I surmised that it might be a Spanish park. The Spanish government invited me to be an official guest for an opening of its great annual art fair, ARCO, in Madrid. I took photos of the painting with me and consulted with ARCO leaders. No, the painting was not set in Spain.

The style of the swimsuit/sunsuit may indicate the time period. Any ideas?


William Henry Clapp, Girl and Fountain in a Park (tentative title)
Oil on artist’s board, 10 1/4 x 13 ½", pre-World War I.

2. When was this painted?

This delightful oil sketch may date from the same period. The key here is the style of the swimsuits. A reader who has experience in clothing history may be able to date this painting with considerable accuracy.


Before going on to the next questions, you need to know a little more about the artist.

Clapp’s life in a quick capsule: He was born in 1879, of American parents in Montreal. His early life is obscure. At some point the wandering family moved back to Oakland, and as nearly as I know, he was educated in Oakland.

Then, on a scholarship, he spent four years studying art in Montreal. He next went to France for nearly four years before returning to Montreal to exhibit there, in New York, and in Pittsburgh, making his way as an artist.

He followed his family, 1915, to Isle of Pines, Cuba, where they lived for two years until a hurricane wiped out his father’s pineapple plantation, and everyone moved back to Oakland, 1917. (Except for his four years in Paris, Clapp appears to have lived always with his parents, until they died.) He soon became head of the Oakland Museum.

The love of his life, Florence Wieben Lehre, was his vibrant assistant at the museum, until her untimely death in 1931. Subsequently he married Gertrude Schroder and became stepfather to three sons, Ralph, Donn, and Jack. It was a highly dysfunctional family.

3. Oakland

Please, help me unmurk Clapp’s first 18 years.

  1. When did the family move to Oakland?
  2. Where did they live?
  3. Specifically, where did Clapp go to school?
  4. Did he graduate? When?
  5. Did he study art? At school or privately?
  6. Did he participate in any activities?

Answers may require searching old school archives, yearbooks, newspapers, census compilations, and so on.
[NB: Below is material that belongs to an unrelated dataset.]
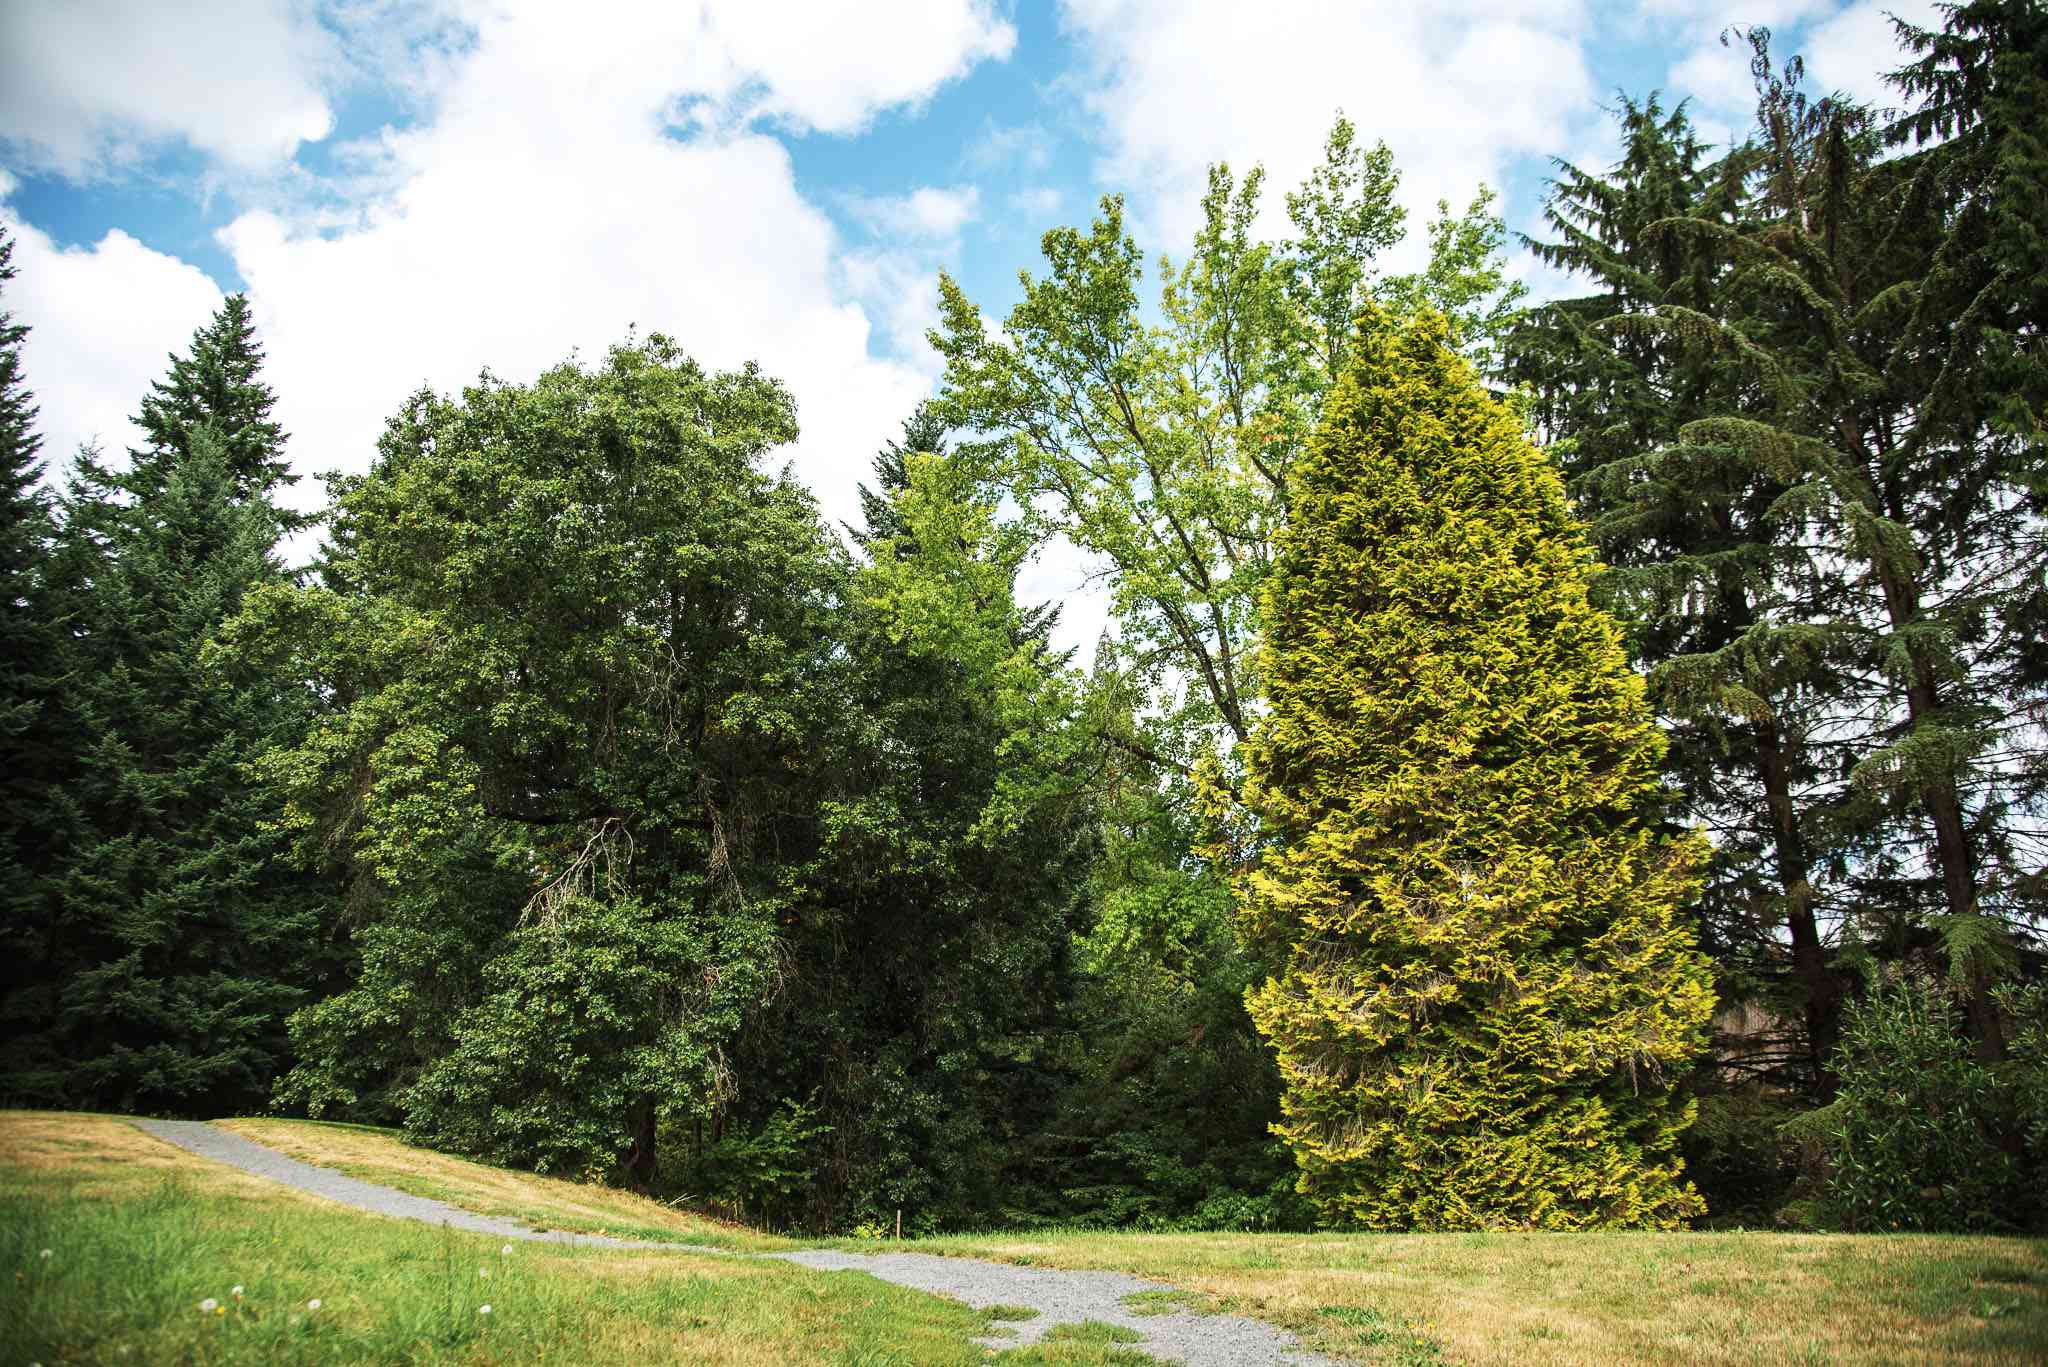 Altos árboles verdes en Forest Park

I assume Clapp was living there from about 1885 to 1897. These dates may be off.

4. Florence Wieben and Frederick Lehre

Florence, born in California in late 1898, was the youngest child, of five, and the only daughter of Christian and Margretta Wieben, both born in Schleswig, Germany. Her older brothers were Alexander, 1886; Herbert, 1890; Walter, 1892; and Elmer, 1895, all born in Arizona. In 1900, the family was living in Fruitvale Precinct 3, Alameda county.

In 1909, Florence, 11, was a cast member in a Christmas play performed at the Fruitvale Christmas Cantata. In July, 1913, she attended a juvenile party hosted by the Rosebud Guard team of Fruitvale Hive, No.16, Loyal Order of Macabees. In May, 1917, she graduated from Fremont High School in Oakland. By then the Wiebens were living on East 23rd Street in Oakland.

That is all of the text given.